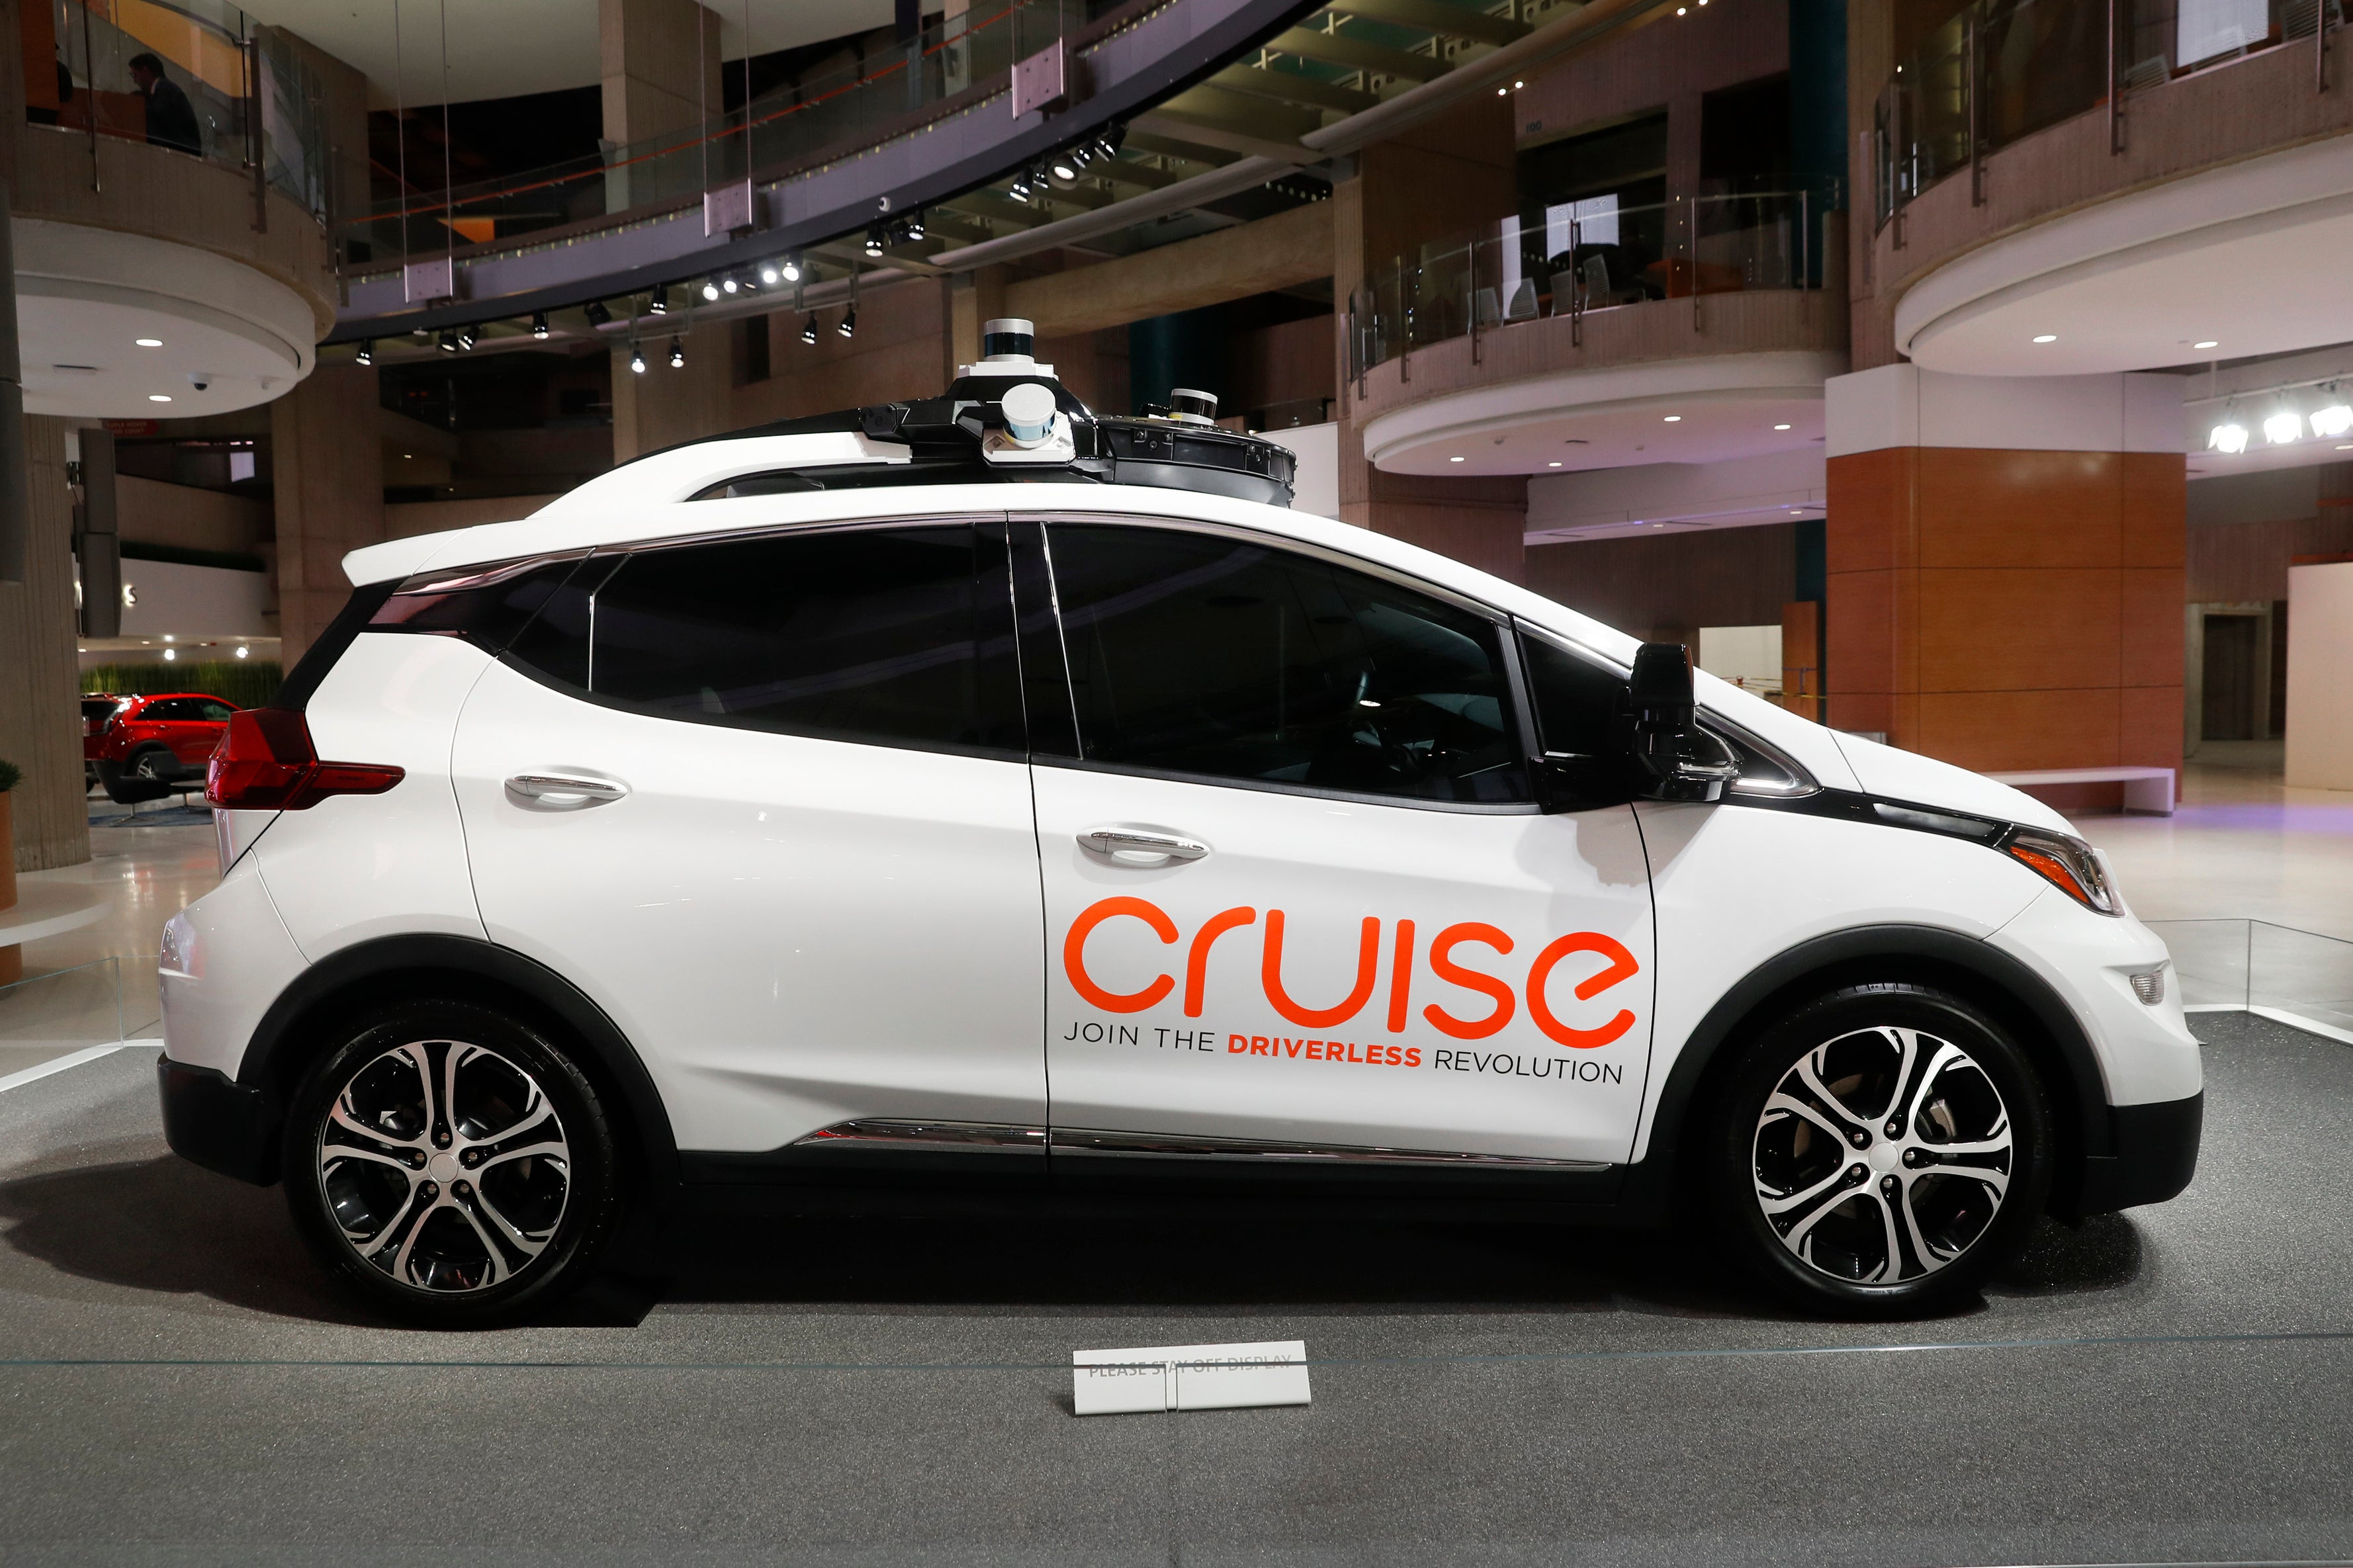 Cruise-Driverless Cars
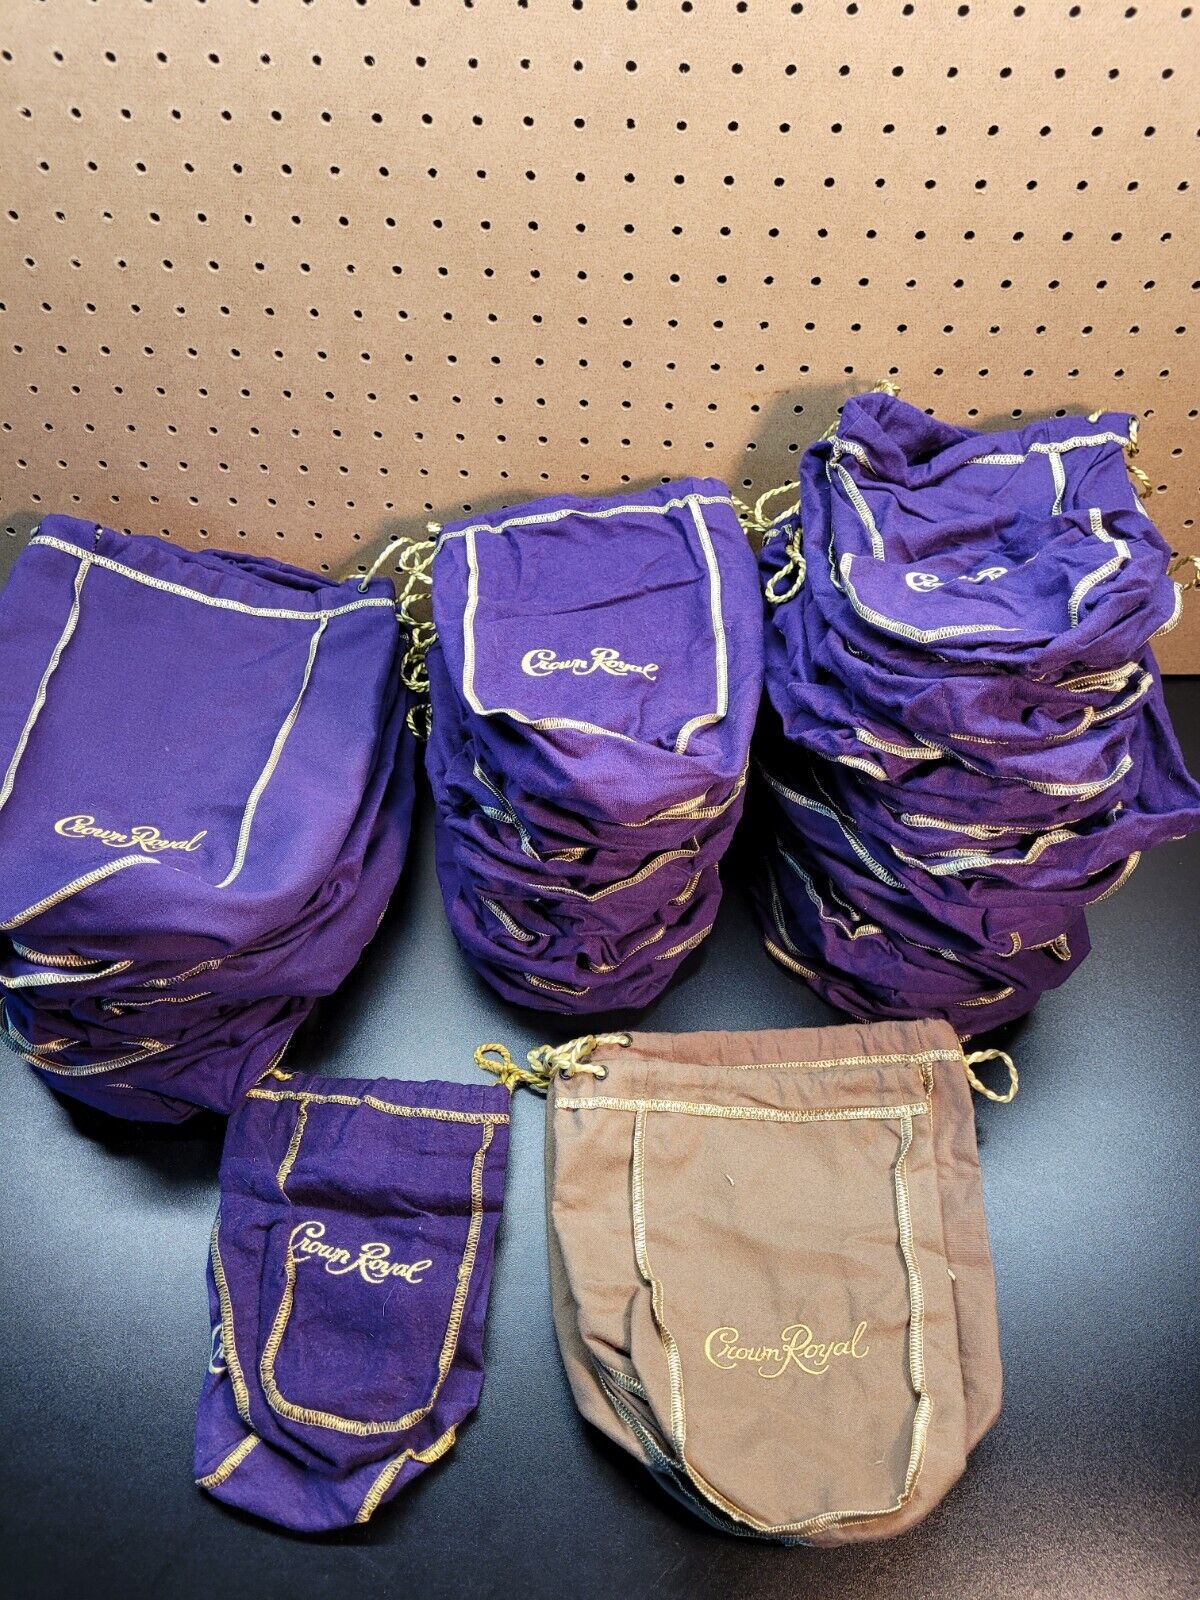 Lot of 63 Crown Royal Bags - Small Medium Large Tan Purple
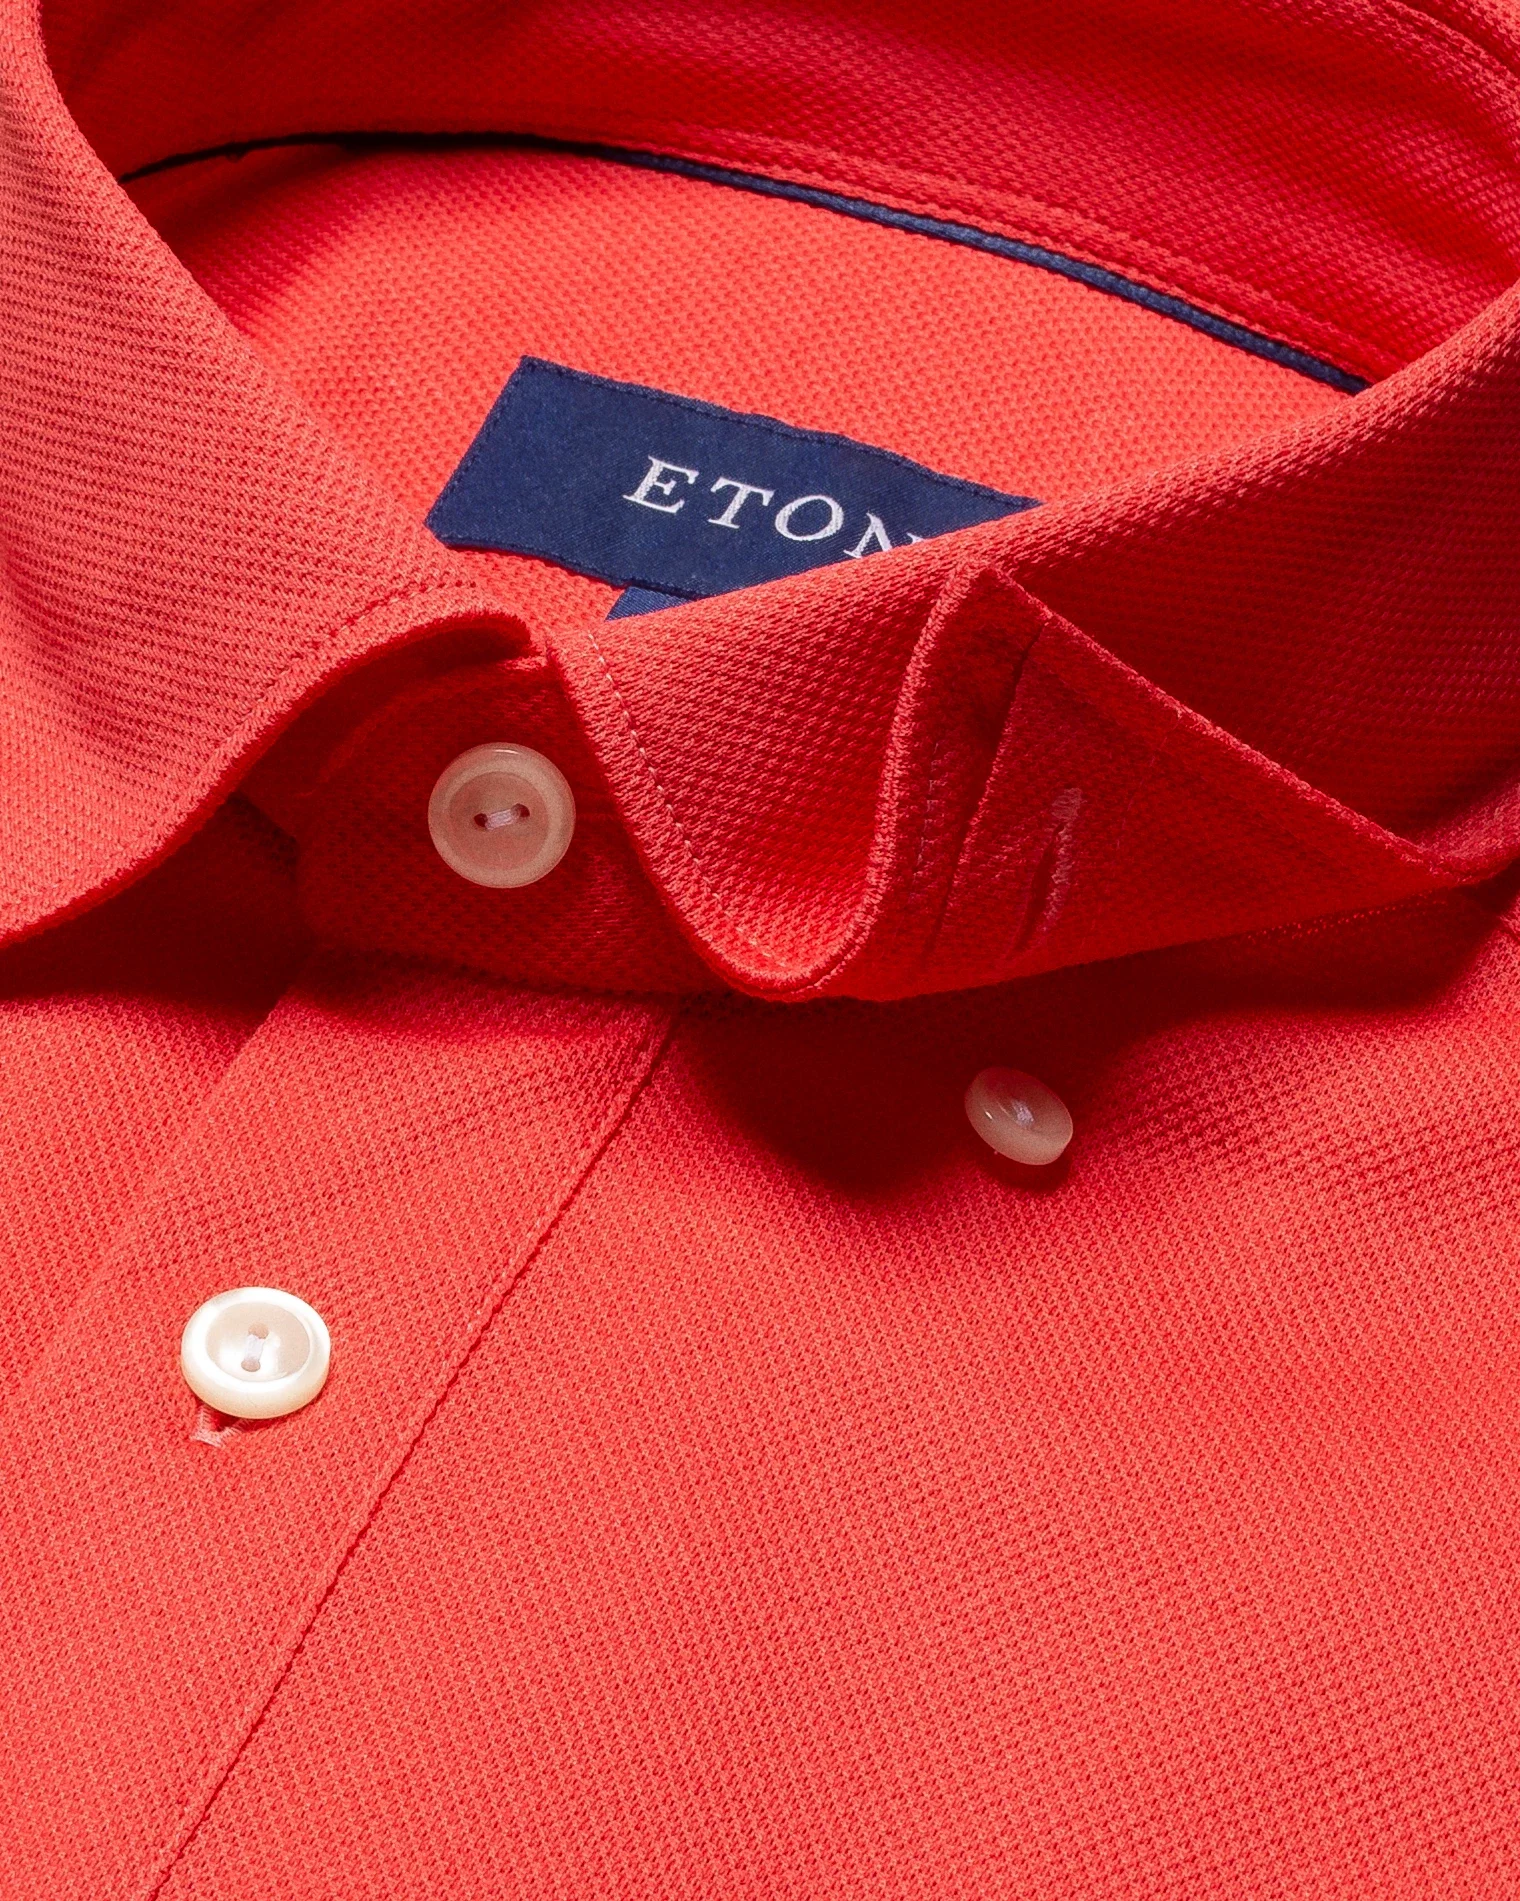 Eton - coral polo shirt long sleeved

....................

> [BRIEF]: Exclude the images and output the lines above exactly.

> [SOLUTION FOR THIS PROBLEM]:
 Cruise-Driverless Cars
 Lot of 63 Crown Royal Bags - Small Medium Large Tan Purple
 Eton - coral polo shirt long sleeved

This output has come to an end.